▽

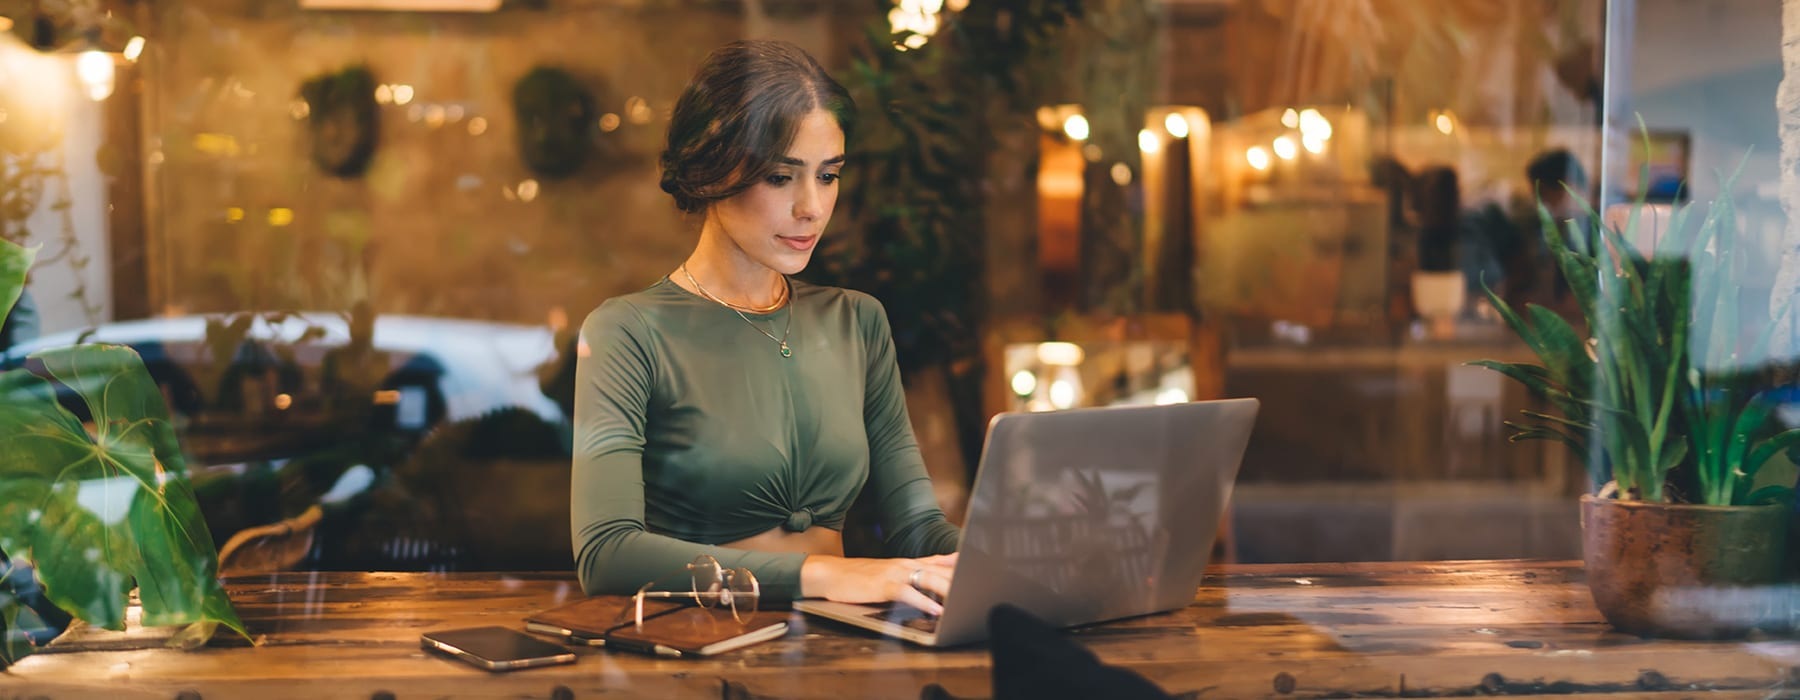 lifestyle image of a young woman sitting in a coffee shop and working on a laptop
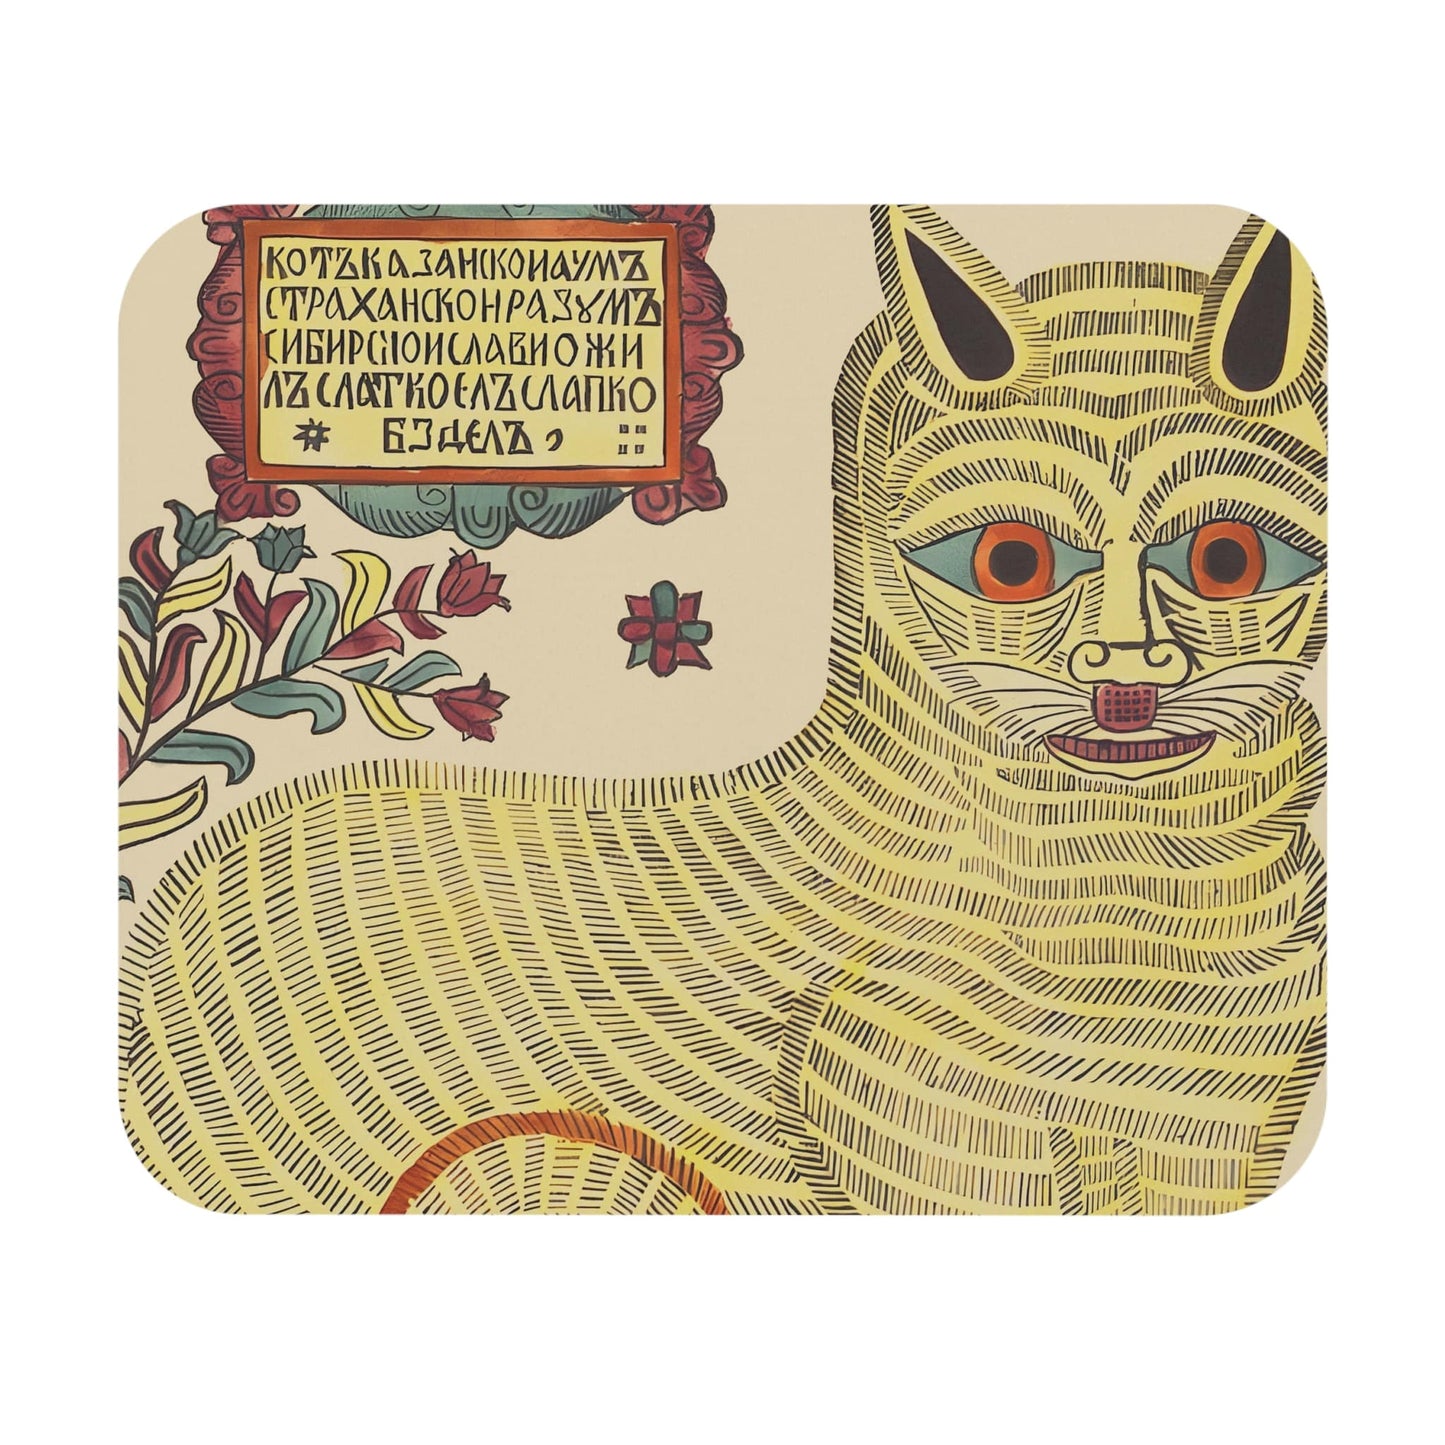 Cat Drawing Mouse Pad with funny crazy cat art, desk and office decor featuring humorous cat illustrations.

△
▽

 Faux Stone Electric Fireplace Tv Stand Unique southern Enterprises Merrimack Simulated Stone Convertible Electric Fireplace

△
▽

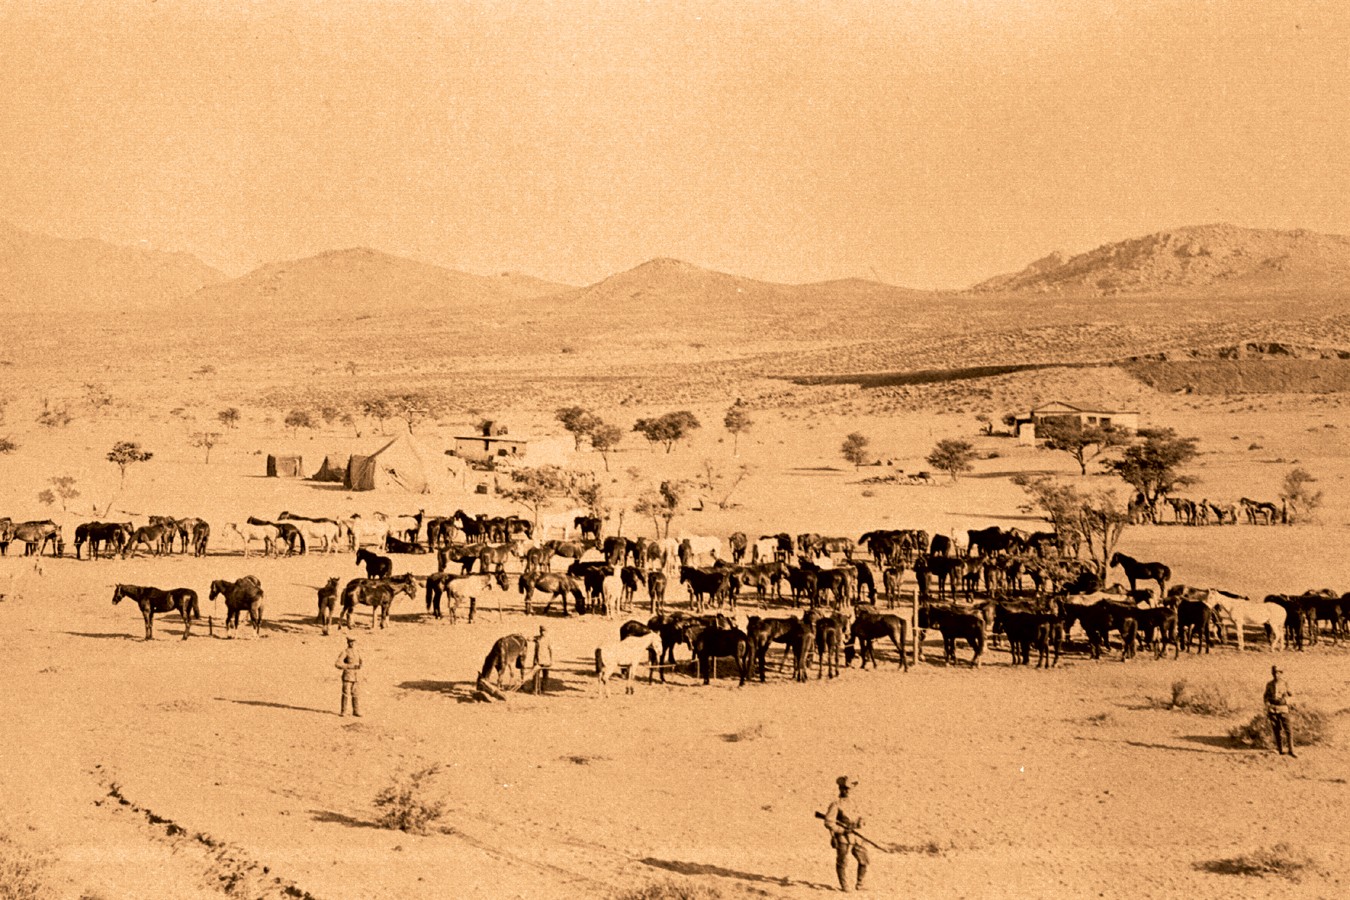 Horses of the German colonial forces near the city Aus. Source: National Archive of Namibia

△

#### Work item:
Drop the pictures; return the lines above from the line containing "lifestyle image of" to the line containing "Cat Drawing Mouse", both included, exactly.

#### Problem solution:
 lifestyle image of a young woman sitting in a coffee shop and working on a laptop
 Cat Drawing Mouse Pad with funny crazy cat art, desk and office decor featuring humorous cat illustrations.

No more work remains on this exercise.